И то сказать, ради кого всю жизнь билась? Разве не ради сестры и братьев? Не ради племянников? Да если б муж посмел молвить о них дурное слово, она б ему глаза выцарапала!.. Пока была у нее лавка, разве не им давала она щедрой рукой – берите деньги, берите все, чем богата: бочонки брынзы, колбасы, самые дорогие вина из Дялу-Зорилор, разные деликатесы… Никто из родных не уходил от нее с пустыми руками. Разве не тетя Вика с мужем дали денег на свадьбу сестре, матери Романицы? Мебель для спальни ей купили, хорошую мебель, флорентийского стиля… И братья строились на ее деньги. А чего стоило дать сестре образование… Как горевала она о брате Никулае, когда тот попал на войну. И пока сидел, сколько передач ему носила, сколько горьких слез пролила… А теперь его к себе не дождешься. Если и заглянешь к нему, у него один разговор:

– Ну, как дела, Вика, еще жива, а? Еще скрипишь? На, возьми сто леев, небось пригодятся…

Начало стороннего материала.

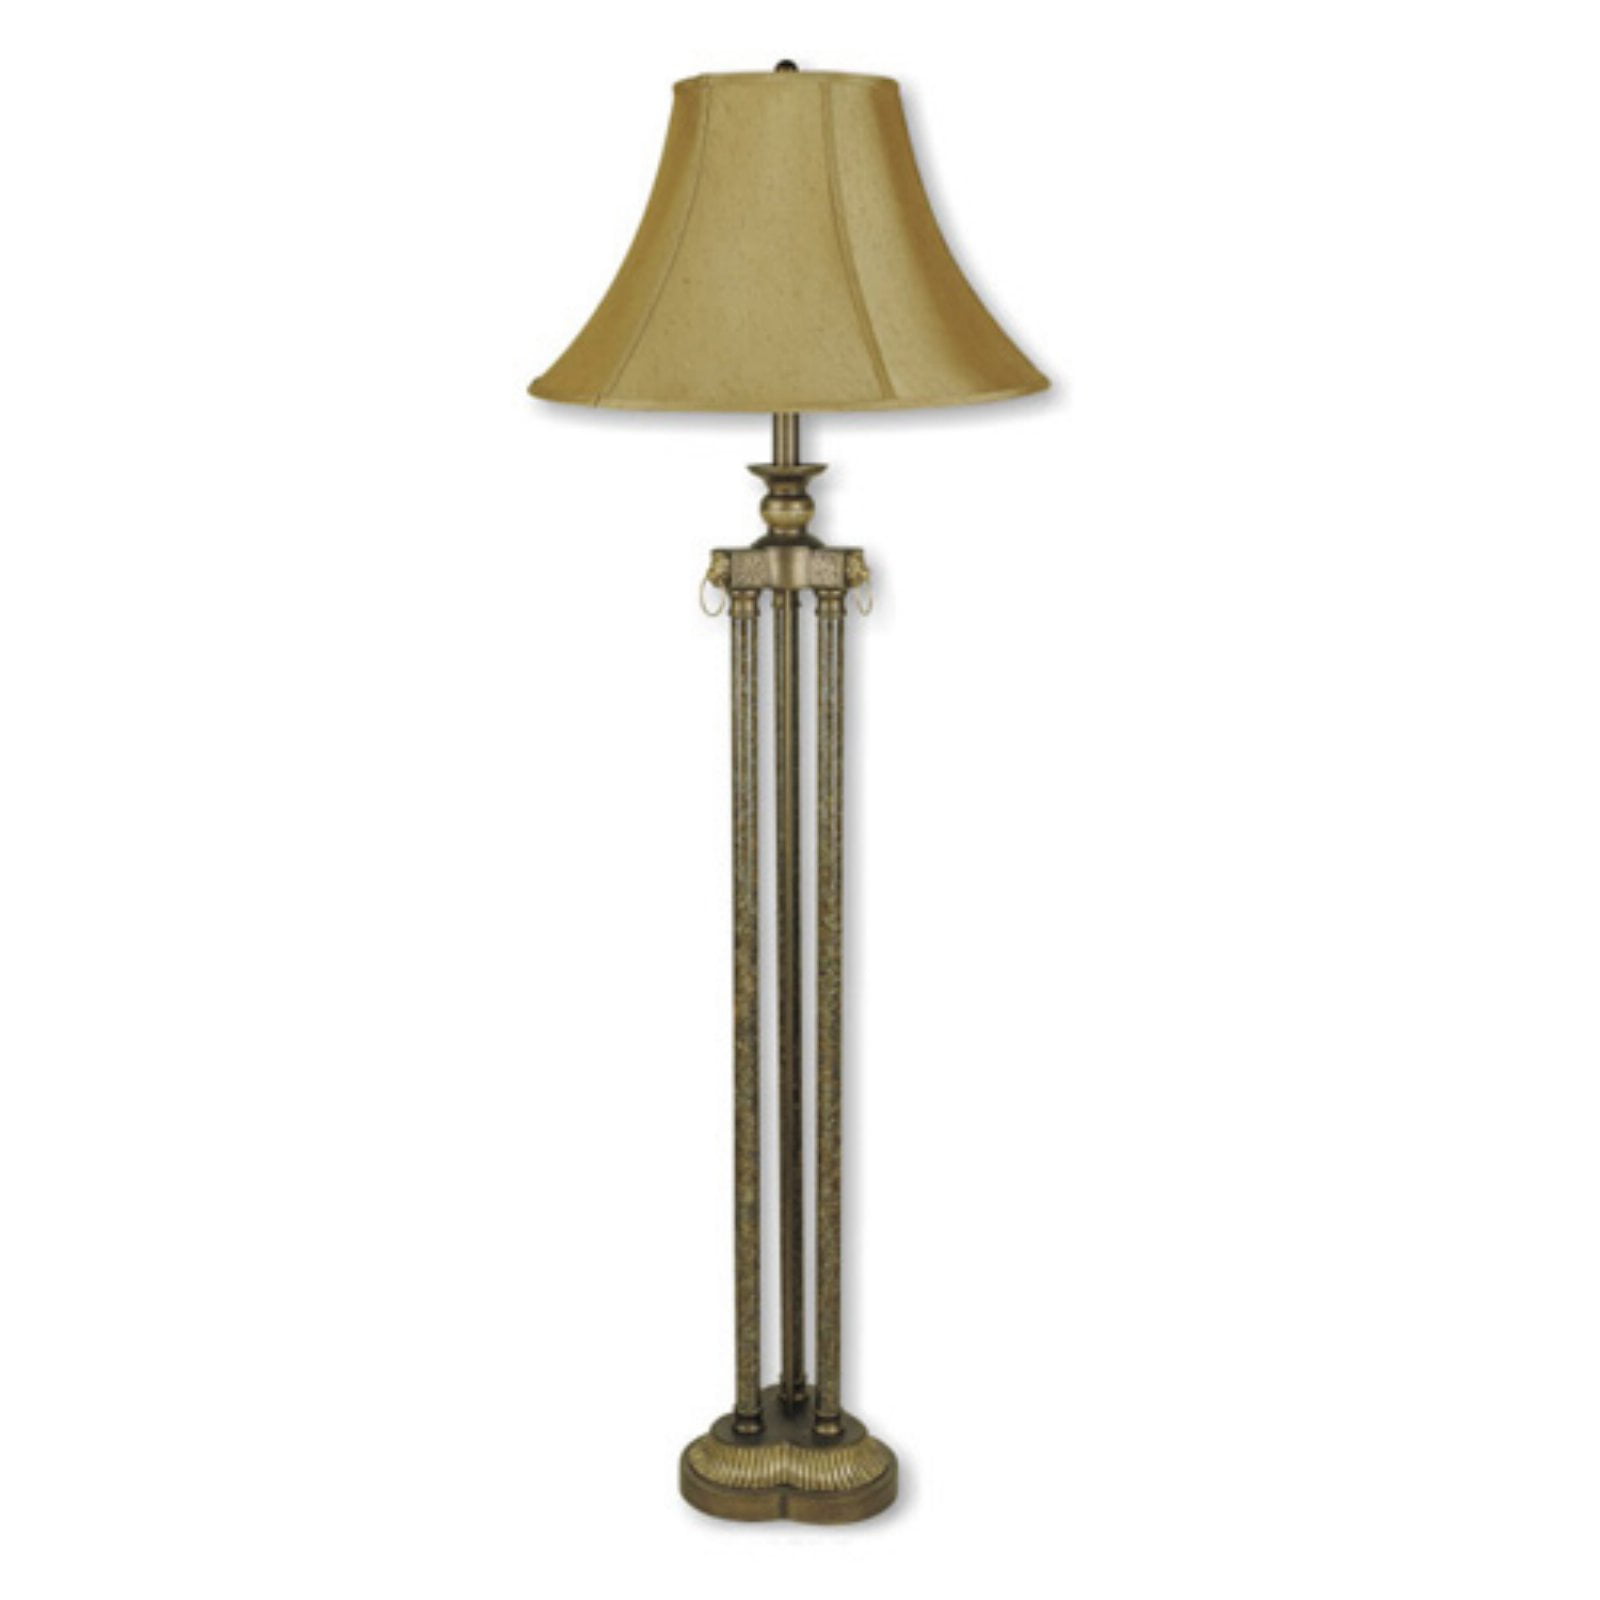 ORE International 3-Pillar Floor Lamp, Antique Gold - Walmart.com

А сама к нему не наведаешься – годами его не увидишь… И ведь сколько денег она ни давала, все промотала сука эта, его жена, уши бы мои не слышали ее фальшивого голоса: «Бо-онжу-ур, Вика, – ишь как, на французский манер здоровается. – Бон-жуур, Никулае нет до-о-ма-а-а».

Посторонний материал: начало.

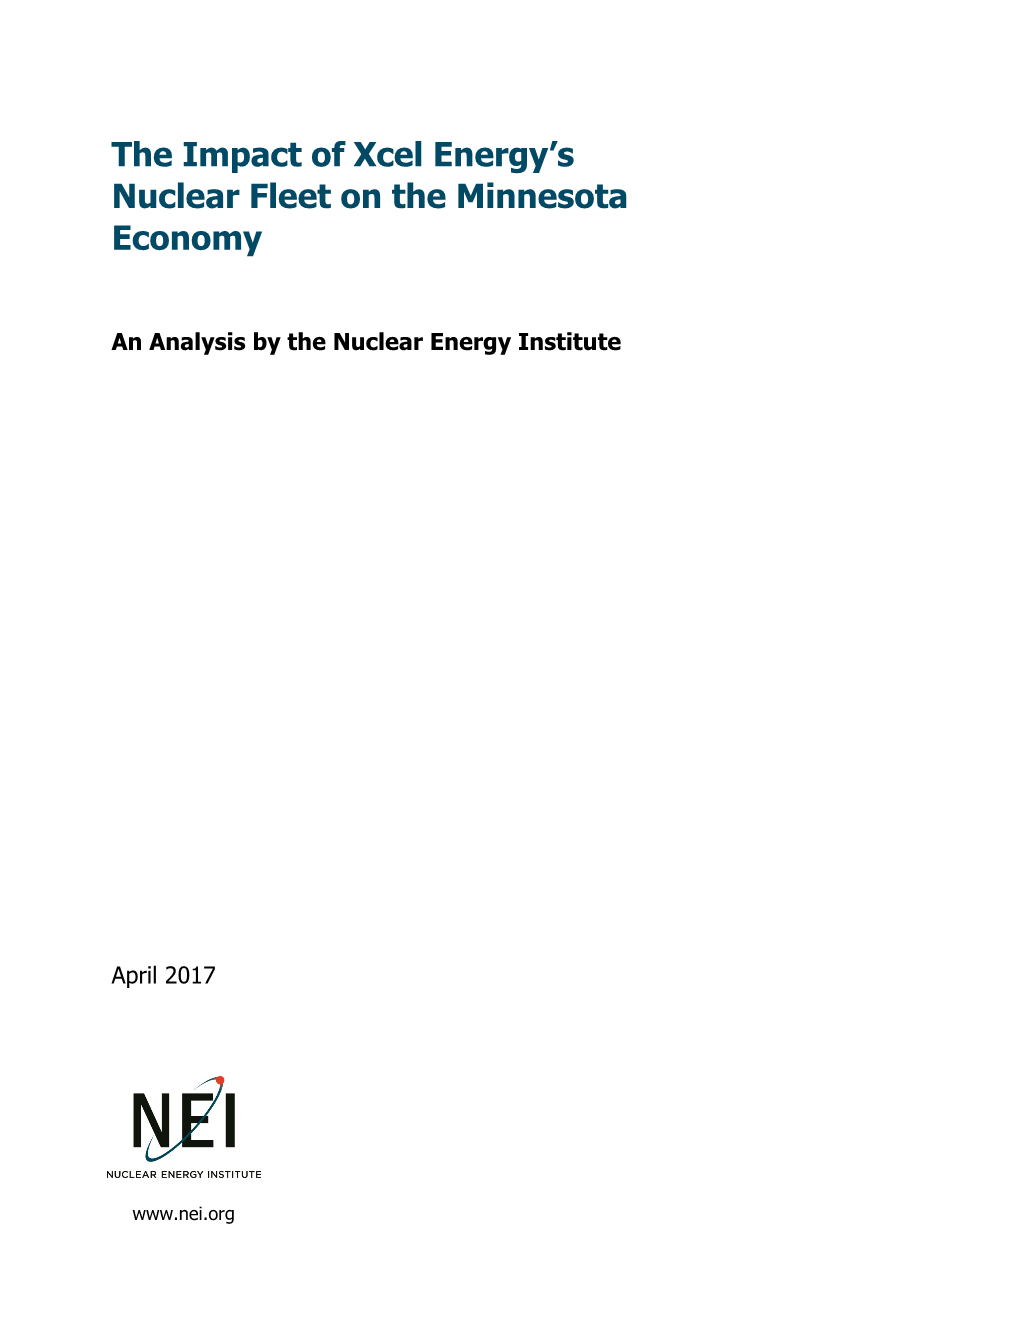 The Impact of Xcel Energy's Nuclear Fleet on the Minnesota Economy

«Бонжур», так тебя растак, ворчит про себя Вика, когда слышит ее фальшивый голос. И тут же вешает трубку. Эх-хе-хе, даешь – хорош, а нет – привет! Так-то оно на белом свете.

Тащится Вика Делькэ к себе домой, что-то бормочет под нос. Смолоду была она рослая, грудастая, после тридцати еще раздалась, так, бывало, идет – полы под ней гудят; а теперь здорово растолстела, да к тому же согнулась в три погибели. Вот свернула тетя Вика за угол на улицу Кориолана и еще оттуда завидела ржавую, запыленную ставню их бывшей лавки. Их бывшая лавка – та комната, что смотрит на улицу, – превратилась теперь в склад и летнюю кухню: у одной стены штабелем дрова, у другой – уголь, у третьей – буфет, дверцы сорваны с петель, горы лука, картошка. Помойное ведро, чтобы не ходить под дождем да по холоду – отхожее место в дальнем углу двора. Сгорбилась тетя Вика под тяжестью линялого пальто, холодно, хоть и весна; отправляясь звонить, она повязалась двумя платками и вставила зубы. Беда с ними – так жмут, рот от них сплошная рана. А и не вставлять нельзя – без них Вика шепелявит, не разберешь ни слова. Вот приходится каждый раз вставлять зубы.

* * *

Все так же холодно, но в воздухе повисла дымка. Утром город наводнили джинсы с предусмотрительно загнутыми манжетами – на случай, если сядут после стирки. Джинсы фирмы «Ли Купер», на девушках со стрижкой «сэссон». Кое-где столики, на них горы круглых булочек и шоколадных вафель, а рядом дымок – жарятся на решетке мититеи[2]2
  Мититеи – маленькие котлетки с чесноком.


[Закрыть]
. В центре и на окраинах непрерывно идет стройка, тяжко гудят дорожные катки, на пустырях, на оставленных землетрясением зияющих пустотах, окутанные белым облаком пыли, надрываются бульдозеры. Прохожие все еще останавливаются у почерневшей стены, испуганно и тупо вглядываясь в руины. Вот снова мелькают девушки с прической «сэссон», в джинсах фирмы «Ли Купер», но Андрей не смотрит в их сторону: он женат вот уже несколько лет, он самый положительный из всех мужчин, которых когда-либо знала его сестра Романица…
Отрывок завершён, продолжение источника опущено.